QUOTE (bm22 @ Jul 21 2009, 11:36 PM)

I liked that one. It looks good, but is it comfortable to play?
My guess would be that it is not. I'm pretty sure it was made with no truss-rod, simply a re-inforced neck, which generally tends to bow a bit with that kind of age and no truss-rod to correct it. To be very playable they usually need a neck-reset job, which for a guitar in that price-range isn't that practical financially (unless one has the luthiery skills to do it himself, or spend the money as more of a "labor-of-love").
It probably does have a nice mellow tone, and fingers alright near the nut, but I would suspect the action is pretty high up the neck, even with maximum adjustment from the bridge/saddle assembly.
I have two guitars very similar (a 1934, and a 1949 with a pickup) both with high action that I use exclusively for slide guitar (where high action is a desirable feature).

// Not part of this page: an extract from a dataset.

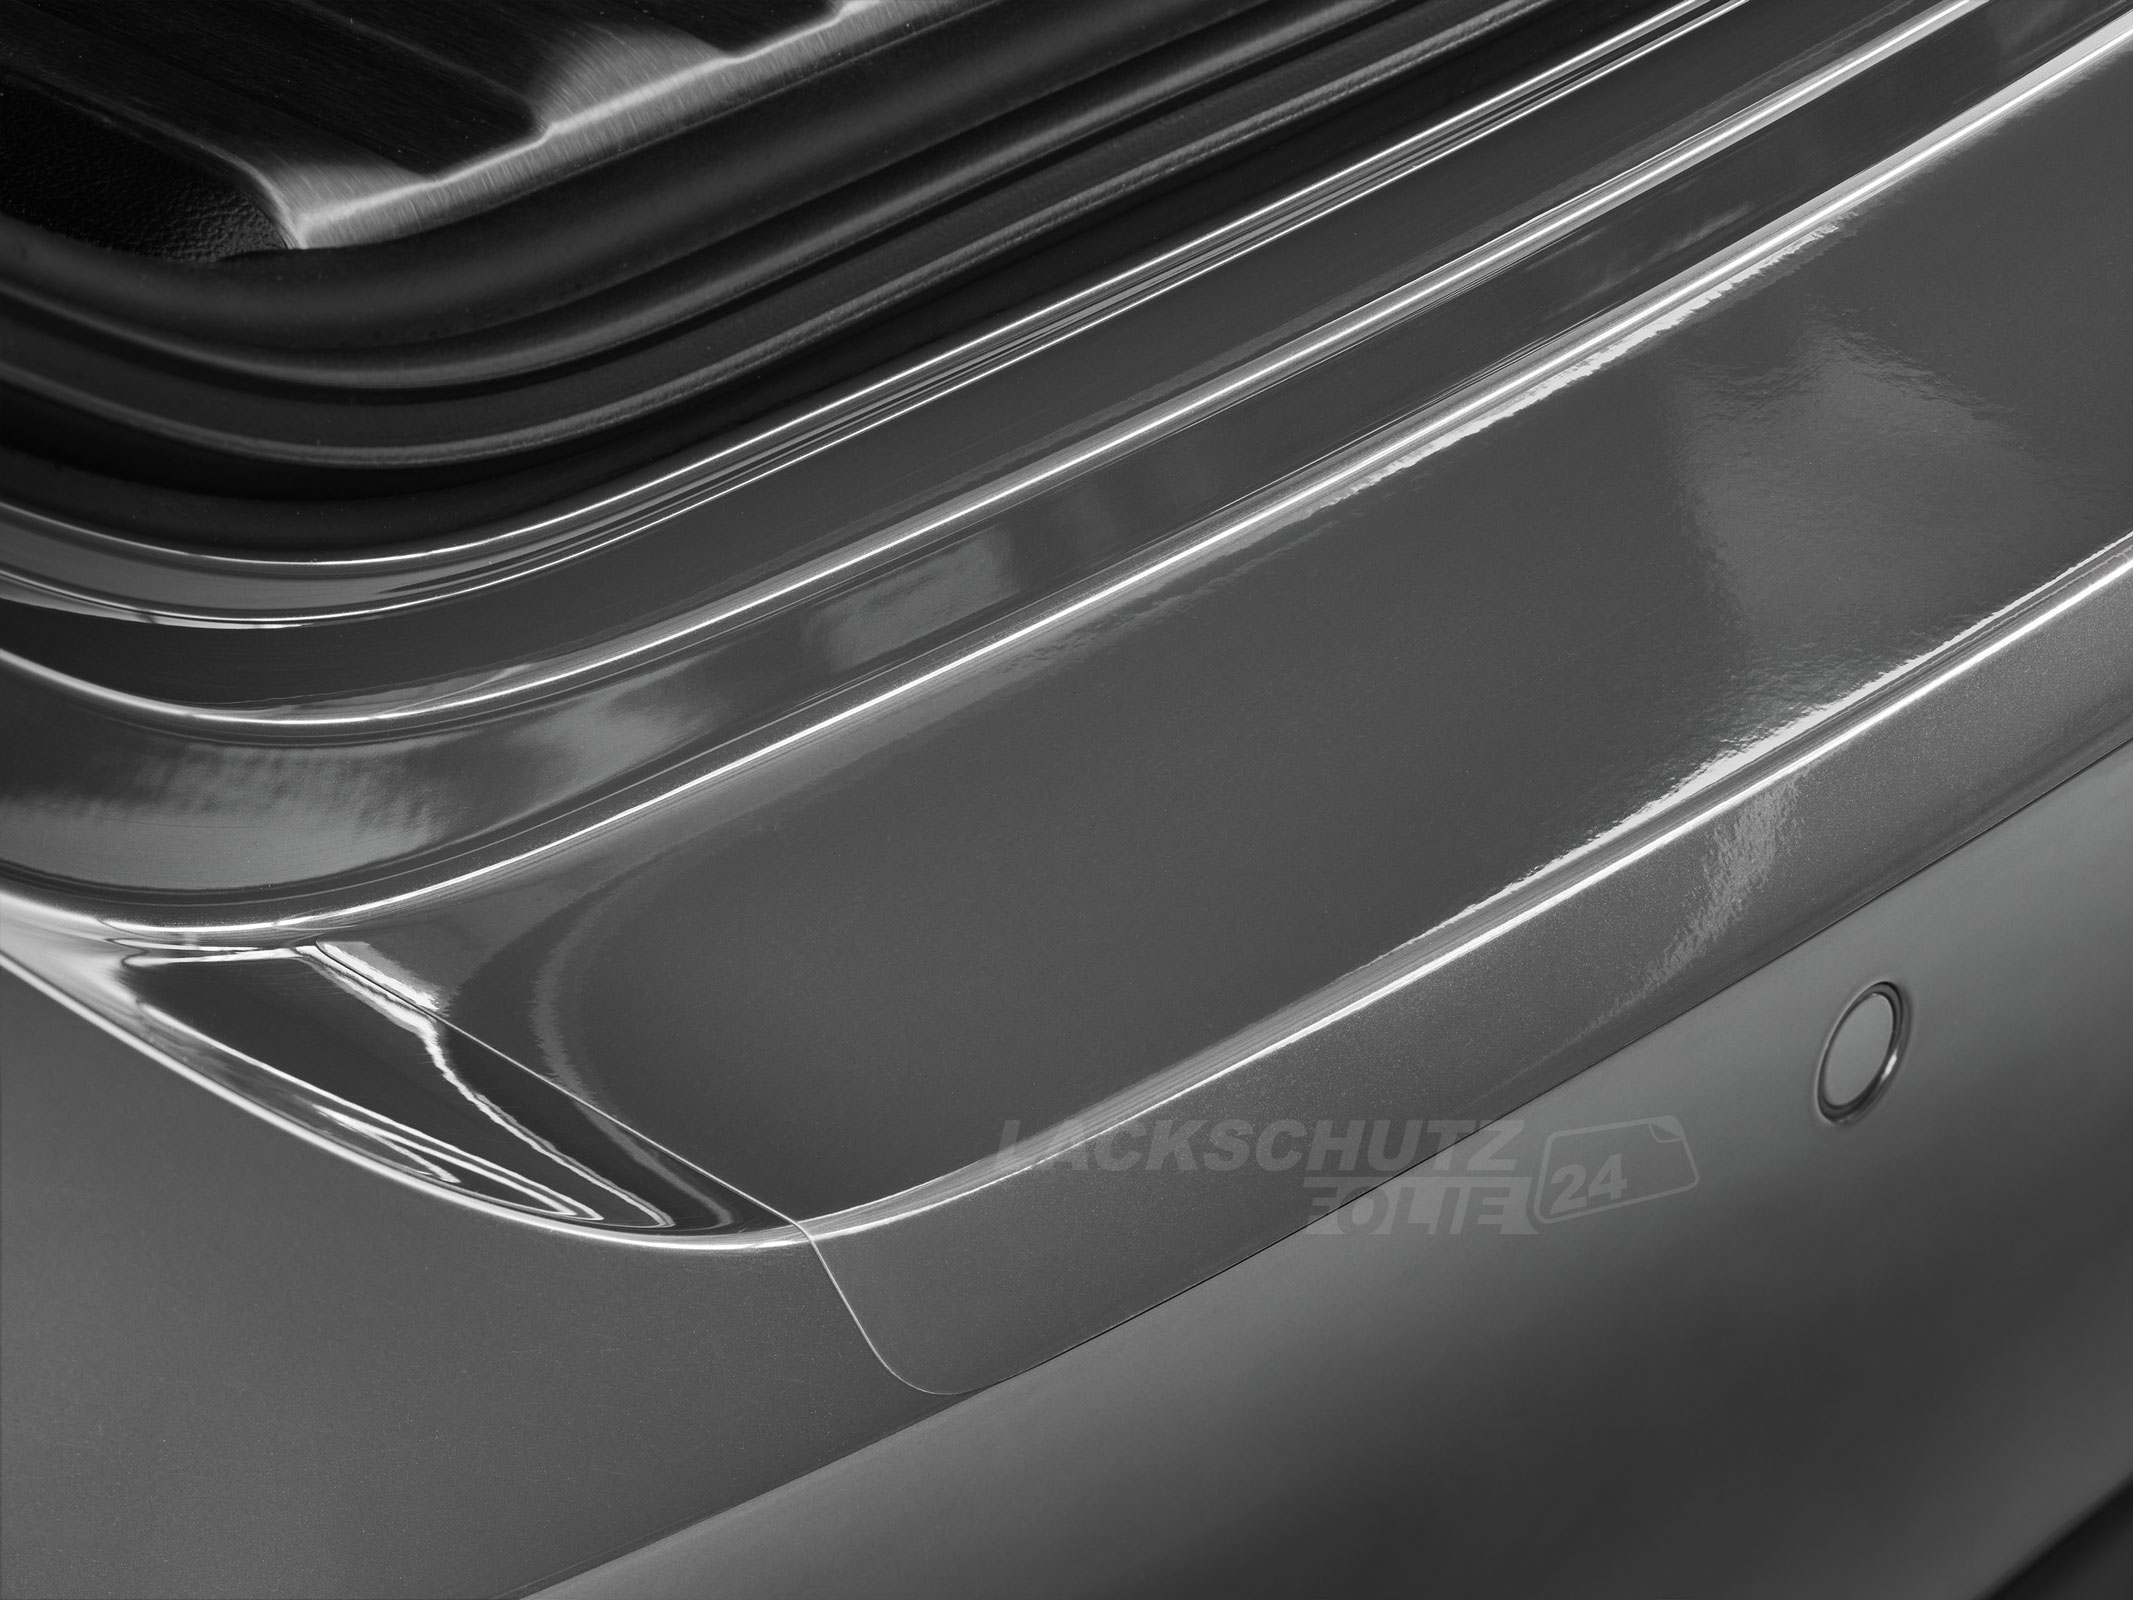 Ladekantenschutzfolie - Transparent Glatt Hochglänzend für Hyundai Santa Fe Typ DM, BJ 09/2012-2018
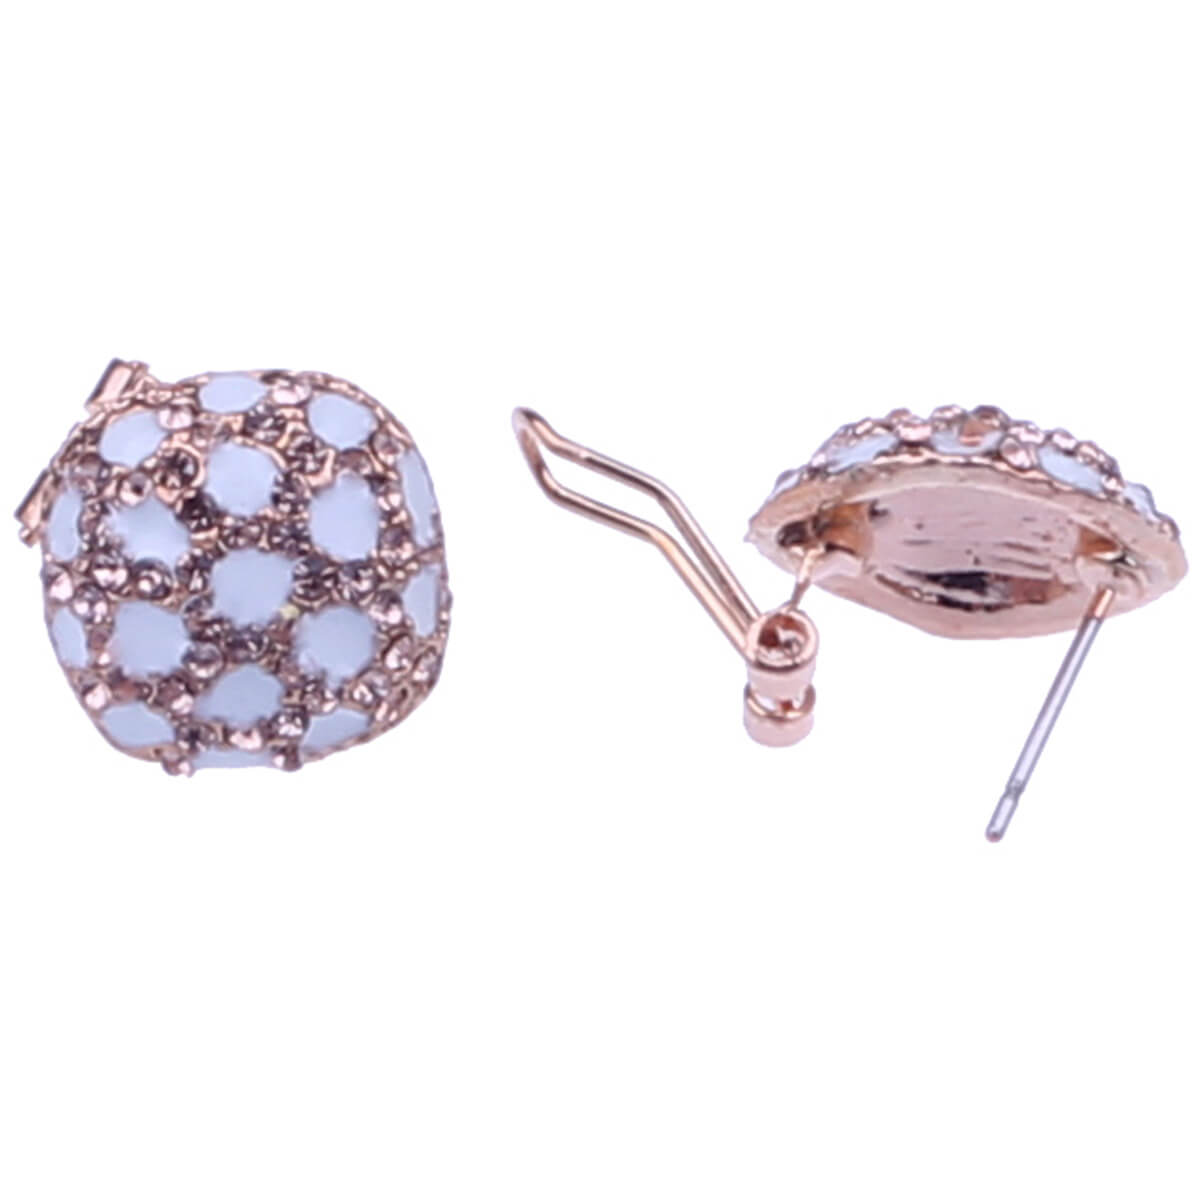 Ornate button earrings

I also have a 1964 ES-120T identical to the one one Greg pictured above. (Mine is near mint in the original Gibson soft-shell case with Gibson shop-hangtags). The electronics with a single P-90 style pickup are all mounted in a sort of unusual set-up built into a raised bakelite pick-guard. While a decent sounding and very playable guitar, it was Gibson's entry-level electric hollow-body back then and doesn't really have that "jazz-sound" associated with other Gibson electric-hollows (like say the Gibson ES-175, etc) with just that one single-coil pickup. But still though a very nice guitar.